The third conclusion came to me as soon as I looked up
Yosemite climbing
on Google. It seemed the DNB was climbers’ shorthand for the Direct Northern Buttress of Yosemite’s Cathedral Rocks, a six-hundred-metre granite cliff described bluntly as ‘hard, with some scary loose flake in the middle’. The pictures looked absolutely terrifying to me, even without the scary loose flake. I decided that Anna had been exaggerating in order to frighten me off. Of course they hadn’t climbed
that
.
So I turned up at the climbing wall the following Wednesday evening and Luce seemed pleased to see me, in an underplayed, almost shy sort of way that I stored away for future contemplation. She introduced me to some of their friends, including Damien, Curtis and Owen, then to the club secretary, who gave me a questionnaire to fill in and signed me up. Anna pretty much ignored me.
It didn’t take long for me to realise that I was seriously out of my league. Apart from my lack of recent practice, my gear was all wrong, my thick-soled shoes clumsy and my shorts hampering my movements. As I struggled painfully up the easiest routes I watched the rest of them racing up ahead of me. The only good thing was that, clambering to keep up, struggling not to look like a total idiot, I didn’t have time to worry about my fear of heights, which had been a recurring problem on the school climbing camps.

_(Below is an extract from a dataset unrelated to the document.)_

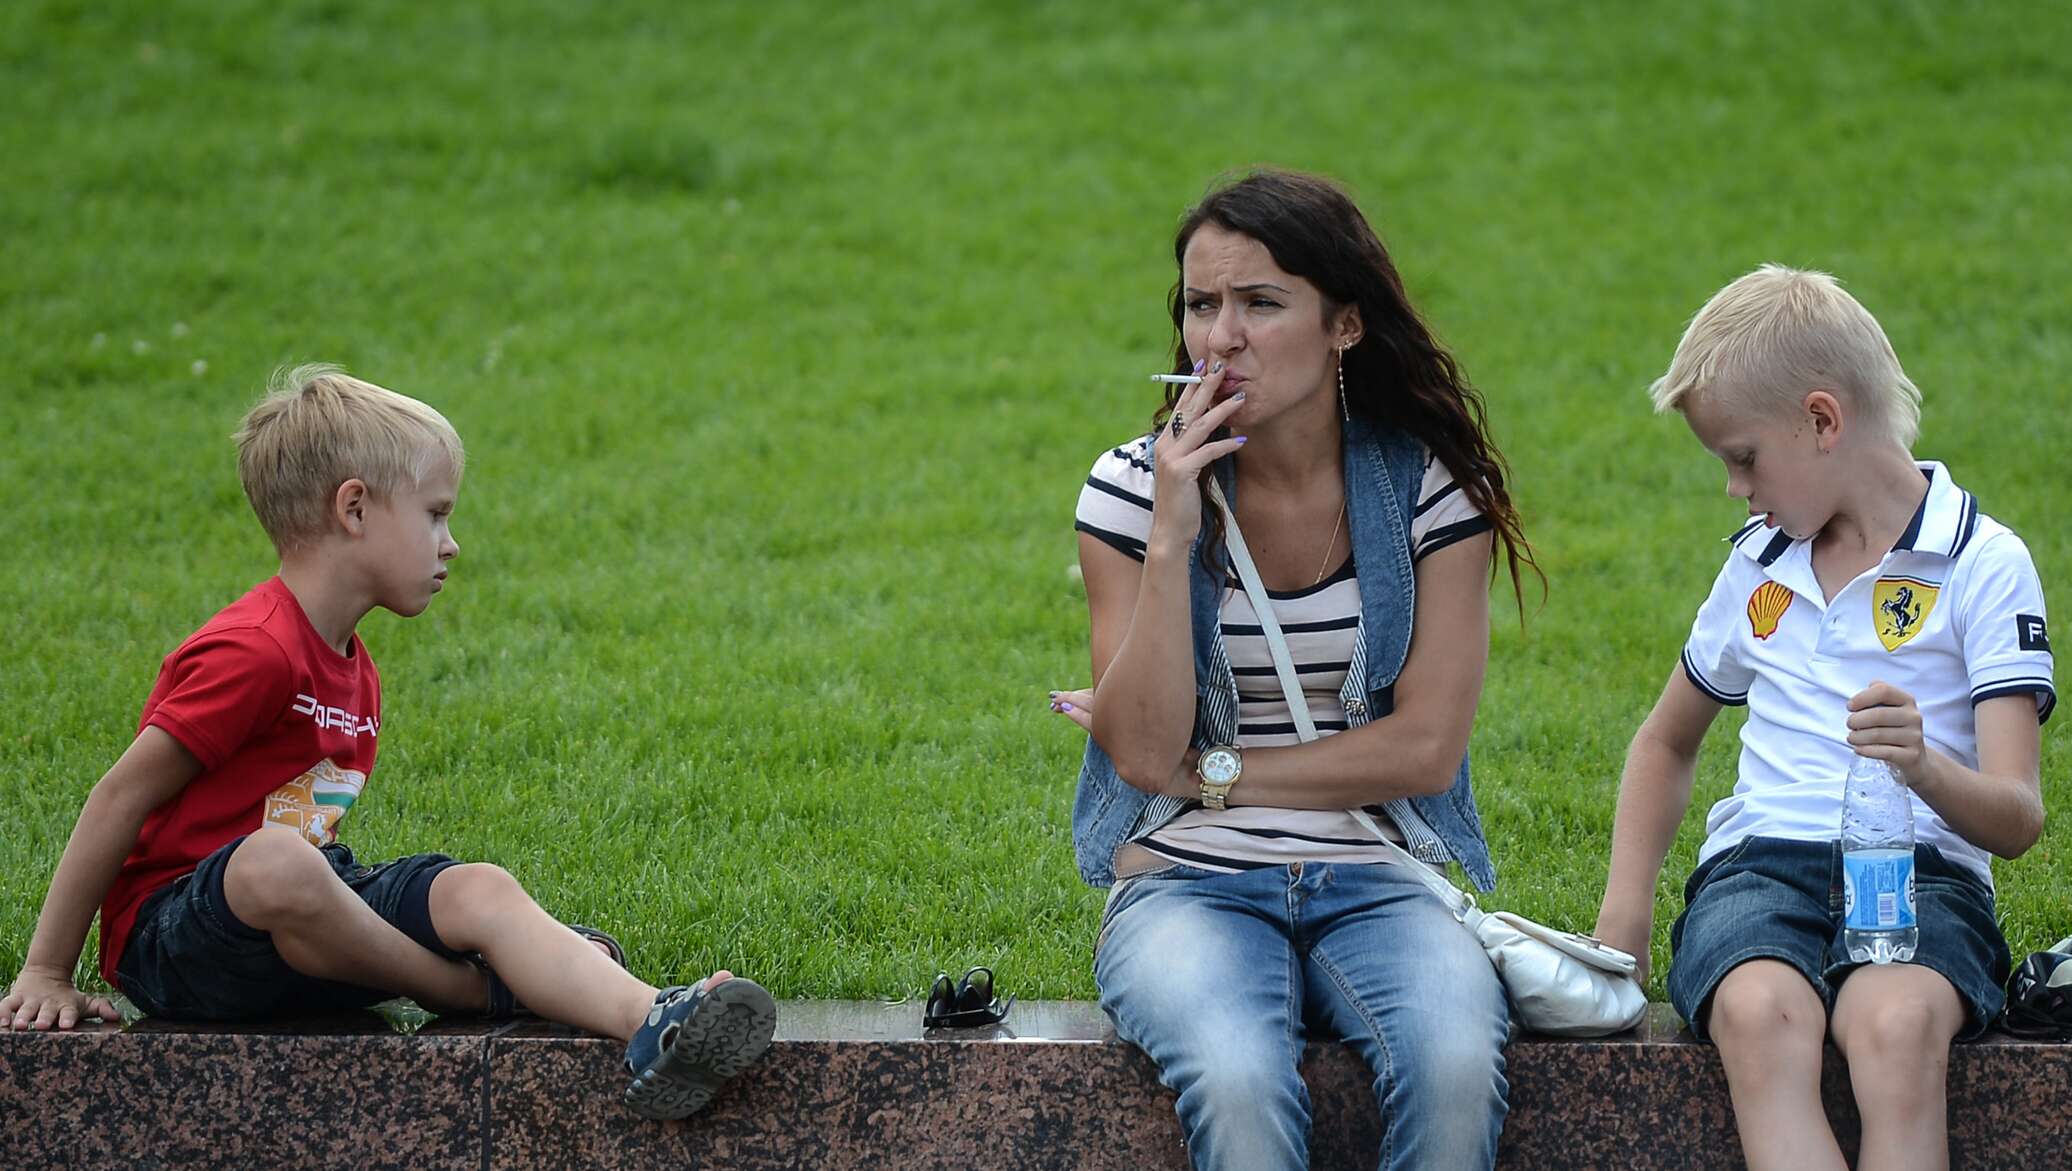 Повторяют ли дети. Курящая мама с ребенком. Курение рядом с детьми. Родители с детьми на детской площадке.
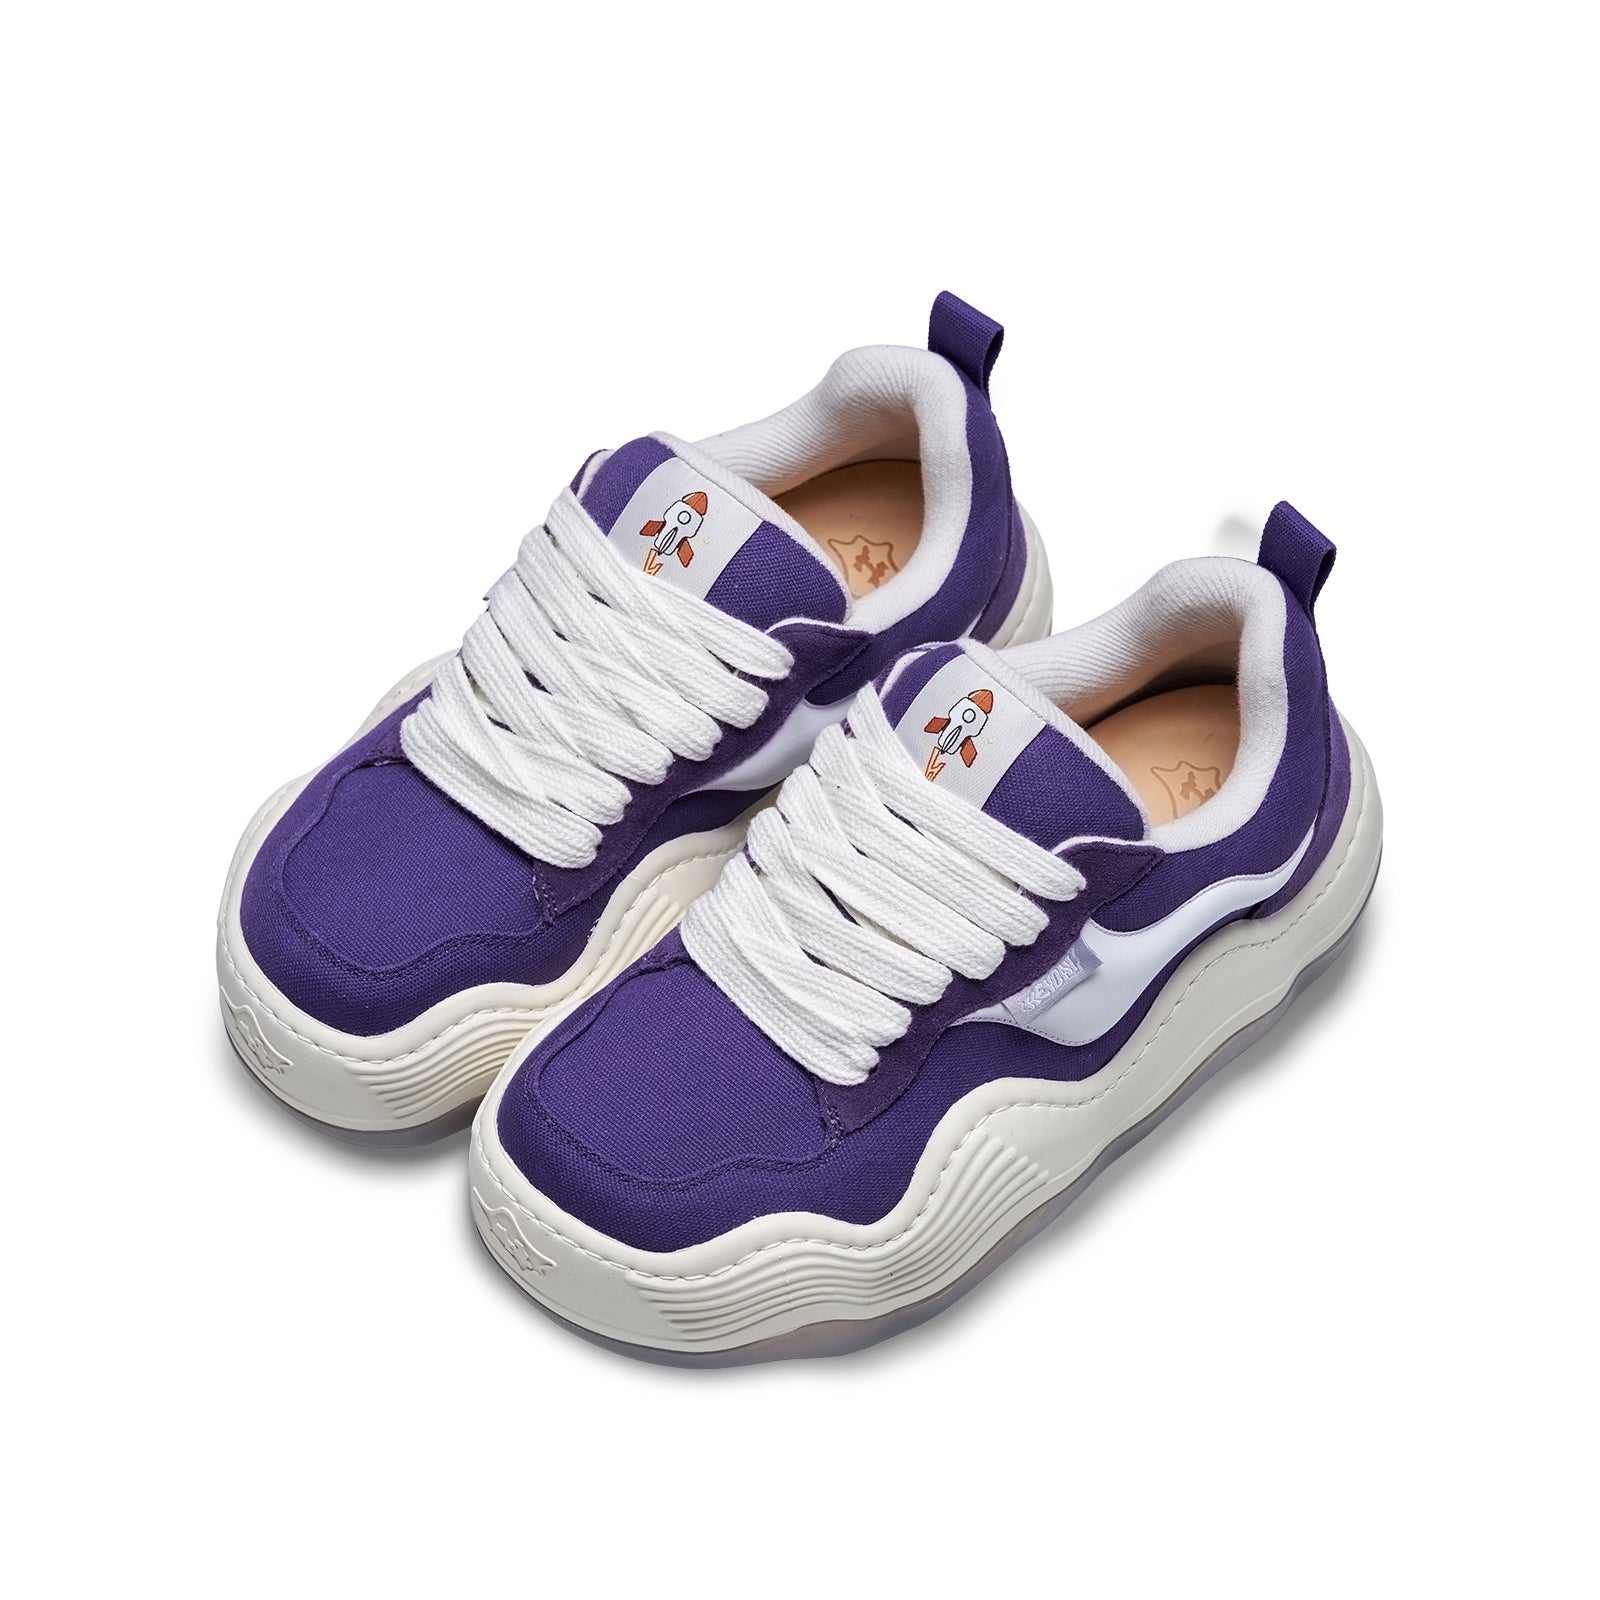 xHeyday Street Style Sneaker Triple Wavy Purple Rocket

After a while I collapsed, humiliated, on a bench. My arms and fingers had lost all strength and I was soaked in sweat. Luce came and sat beside me, looking as if she’d used up no energy at all.
‘Sorry,’ I panted. ‘Really am out of practice.’
‘Don’t worry, it’s often like that after a gap.’
‘But you’re absolutely brilliant.’ I couldn’t hide my astonishment. The others were good, but she made them look ponderous. Smooth and balletic in her movements, she had seemed weightless. ‘Did you really climb the DNB?’
She laughed. ‘Didn’t you believe us?’
‘It’s just … that’s pretty advanced, isn’t it? Maybe I should stick to statistics. I’ve brought those course notes, if you’re interested.’
She studied me. ‘But you won’t give up, will you? I mean, I wouldn’t mind some help with STAT 303, but this is …’ she looked up at the people hanging in space above us, ‘… it’s what I do.’
‘Right,’ I said, still waiting for the feeling to come back into my fingers. ‘No, no, of course I won’t give up. I’ll bring my proper gear next time. These shoes are hopeless.’
Later, in the changing room, I overheard a snatch of conversation from two blokes in the next aisle. One said, ‘… won’t see him again.’ I caught the words ‘bloody hopeless’ in the reply, and they both laughed. When they left I saw that it was Owen and Curtis.
5
A week after our meeting at Sammy’s Bar, Damien gave me a ring. He asked where I was living, and when I told him he said he’d call in at the hotel that evening after work for a chat.
He looked more composed that evening, in his expensive suit. I led him through to the bar and got us both a beer. He slipped off his jacket and dropped into an armchair.